13.56 MHz is not automatic safety

 

The Unsaflok incident shows exactly why "upgrade to high frequency" is not a complete answer.

 

MIFARE Classic runs at 13.56 MHz under ISO 14443. It has encryption. It has authentication. And it got cracked anyway, because Crypto-1 was proprietary and weak. The researchers who broke Dormakaba's locks did not discover a new vulnerability-they exploited one the security community had known about since 2008.

August 2024 brought another hit. Quarkslab researcher Philippe Teuwen found a hardware backdoor in MIFARE Classic cards manufactured by Shanghai Fudan Microelectronics. The flaw affects FM11RF08S chips used in hotels across the US, Europe, China, and India. SecurityWeek, The Hacker News, RFID Journal all ran the story.
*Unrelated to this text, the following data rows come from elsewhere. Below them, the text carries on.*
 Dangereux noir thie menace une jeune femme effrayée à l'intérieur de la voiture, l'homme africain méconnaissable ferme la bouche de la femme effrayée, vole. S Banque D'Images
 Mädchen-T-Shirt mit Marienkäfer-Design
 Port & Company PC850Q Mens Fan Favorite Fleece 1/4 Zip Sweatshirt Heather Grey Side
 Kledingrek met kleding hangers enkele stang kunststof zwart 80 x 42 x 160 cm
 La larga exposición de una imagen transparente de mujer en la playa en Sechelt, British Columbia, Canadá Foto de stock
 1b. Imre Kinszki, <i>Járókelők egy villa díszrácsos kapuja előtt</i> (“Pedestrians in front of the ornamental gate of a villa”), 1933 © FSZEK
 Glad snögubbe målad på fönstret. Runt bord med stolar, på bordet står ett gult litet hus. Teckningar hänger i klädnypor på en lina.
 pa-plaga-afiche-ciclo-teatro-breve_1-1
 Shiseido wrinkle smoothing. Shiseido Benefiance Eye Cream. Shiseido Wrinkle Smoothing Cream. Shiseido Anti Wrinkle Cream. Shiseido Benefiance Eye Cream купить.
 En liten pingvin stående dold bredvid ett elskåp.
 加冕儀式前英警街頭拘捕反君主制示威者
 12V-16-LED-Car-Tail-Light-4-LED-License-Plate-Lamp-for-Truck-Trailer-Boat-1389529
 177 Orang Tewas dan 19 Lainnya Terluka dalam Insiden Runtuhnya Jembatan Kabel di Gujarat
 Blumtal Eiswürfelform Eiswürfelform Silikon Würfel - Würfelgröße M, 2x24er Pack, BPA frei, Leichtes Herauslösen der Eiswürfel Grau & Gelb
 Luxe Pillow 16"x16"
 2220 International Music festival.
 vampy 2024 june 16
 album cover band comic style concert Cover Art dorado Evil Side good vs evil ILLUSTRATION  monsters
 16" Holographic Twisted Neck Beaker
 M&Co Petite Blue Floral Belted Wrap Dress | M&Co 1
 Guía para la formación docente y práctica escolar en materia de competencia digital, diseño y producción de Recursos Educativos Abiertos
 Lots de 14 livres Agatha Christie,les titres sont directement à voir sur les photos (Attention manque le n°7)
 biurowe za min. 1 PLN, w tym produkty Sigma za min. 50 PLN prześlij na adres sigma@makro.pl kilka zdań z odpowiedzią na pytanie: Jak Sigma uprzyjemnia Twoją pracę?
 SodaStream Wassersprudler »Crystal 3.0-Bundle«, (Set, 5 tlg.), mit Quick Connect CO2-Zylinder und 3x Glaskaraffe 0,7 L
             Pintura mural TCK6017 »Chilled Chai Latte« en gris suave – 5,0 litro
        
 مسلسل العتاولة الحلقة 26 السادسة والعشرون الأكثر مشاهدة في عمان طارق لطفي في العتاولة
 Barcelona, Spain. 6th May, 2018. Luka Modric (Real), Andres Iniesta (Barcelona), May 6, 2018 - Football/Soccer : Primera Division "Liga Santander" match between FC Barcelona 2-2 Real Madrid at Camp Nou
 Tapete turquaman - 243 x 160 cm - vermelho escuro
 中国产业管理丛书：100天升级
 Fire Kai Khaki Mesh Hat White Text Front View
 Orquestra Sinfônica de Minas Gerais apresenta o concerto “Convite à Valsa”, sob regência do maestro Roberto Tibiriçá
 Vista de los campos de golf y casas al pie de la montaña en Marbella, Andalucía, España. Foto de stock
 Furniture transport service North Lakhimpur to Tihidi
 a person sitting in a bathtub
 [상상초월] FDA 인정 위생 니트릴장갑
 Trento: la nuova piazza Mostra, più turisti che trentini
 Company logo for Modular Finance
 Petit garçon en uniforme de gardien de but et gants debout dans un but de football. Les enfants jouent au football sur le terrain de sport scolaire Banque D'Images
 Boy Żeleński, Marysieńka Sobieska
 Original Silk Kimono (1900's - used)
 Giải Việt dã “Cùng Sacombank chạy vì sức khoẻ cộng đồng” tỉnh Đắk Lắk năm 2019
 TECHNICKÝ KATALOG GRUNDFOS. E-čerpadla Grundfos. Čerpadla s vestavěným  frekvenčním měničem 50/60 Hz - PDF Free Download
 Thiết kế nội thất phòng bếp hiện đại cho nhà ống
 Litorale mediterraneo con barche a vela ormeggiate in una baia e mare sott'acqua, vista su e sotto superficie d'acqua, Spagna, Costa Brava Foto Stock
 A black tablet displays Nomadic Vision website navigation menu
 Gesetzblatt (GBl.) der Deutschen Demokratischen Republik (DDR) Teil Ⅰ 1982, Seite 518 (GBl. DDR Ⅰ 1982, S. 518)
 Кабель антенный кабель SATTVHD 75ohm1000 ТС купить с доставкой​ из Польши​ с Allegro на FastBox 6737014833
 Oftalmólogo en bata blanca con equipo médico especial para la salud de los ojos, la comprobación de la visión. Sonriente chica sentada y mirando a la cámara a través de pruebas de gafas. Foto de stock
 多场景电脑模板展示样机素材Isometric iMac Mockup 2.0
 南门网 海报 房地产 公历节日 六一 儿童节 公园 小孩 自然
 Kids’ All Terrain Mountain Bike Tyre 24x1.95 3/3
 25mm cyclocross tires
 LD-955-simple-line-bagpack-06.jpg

The pattern here: 13.56 MHz gives you the infrastructure to do encryption properly, but the chip inside matters more than the frequency printed on the label.

 

MIFARE DESFire with AES-128 remains secure against known attacks. NTAG series chips for simpler applications. These have held up. MIFARE Classic has not.

 

13.56 MHz Is Not Automatic Safety

 

Read distance and interference

 

People sometimes ask whether 13.56 MHz keyfobs work through clothing the same way 125 kHz does.

 

Short answer: yes. Both frequencies use inductive coupling at typical access control distances. Range sits around 1-10 cm for most keyfob form factors. Metal objects nearby-phones, keys, belt buckles-can detune the antenna and require a second tap. Nothing dramatic.

 

UHF at 860-960 MHz is different physics. Electromagnetic backscatter instead of inductive coupling. Read ranges of several meters. Useful for parking gates or warehouse inventory, problematic for door access where you want the credential to authenticate only when the user intends it to.

 

Regional frequency allocations also split UHF bands differently between North America and Europe, which complicates international deployments.

 

Migration without chaos

 

Dual-frequency keyfobs exist specifically for phased transitions. A single housing contains both 125 kHz and 13.56 MHz chips. Legacy readers see one, upgraded readers see the other. Credentials stay with users throughout the swap.

 

The constraint is antenna design. Both chips need to read reliably without interference. Not every keyfob factory gets this right. Verify performance before committing to volume orders.

 

The actual question

 

Frequency selection is a proxy for a different decision: how much do you care if someone copies a credential?

 

  • 125 kHz has no defense. Anyone with $30 and ten minutes of YouTube can clone a keyfob.
  • 13.56 MHz with MIFARE Classic looked secure but was not. Hotels are still dealing with the fallout.
  • 13.56 MHz with DESFire or equivalent holds up-for now.

"We are not aware of any real world attacks that use these vulnerabilities, but it is not impossible that these vulnerabilities are known, and have been used, by others." 

- The Unsaflok researchers

 

Thirty-six years of vulnerable locks. That is the cost of getting frequency and chip selection wrong.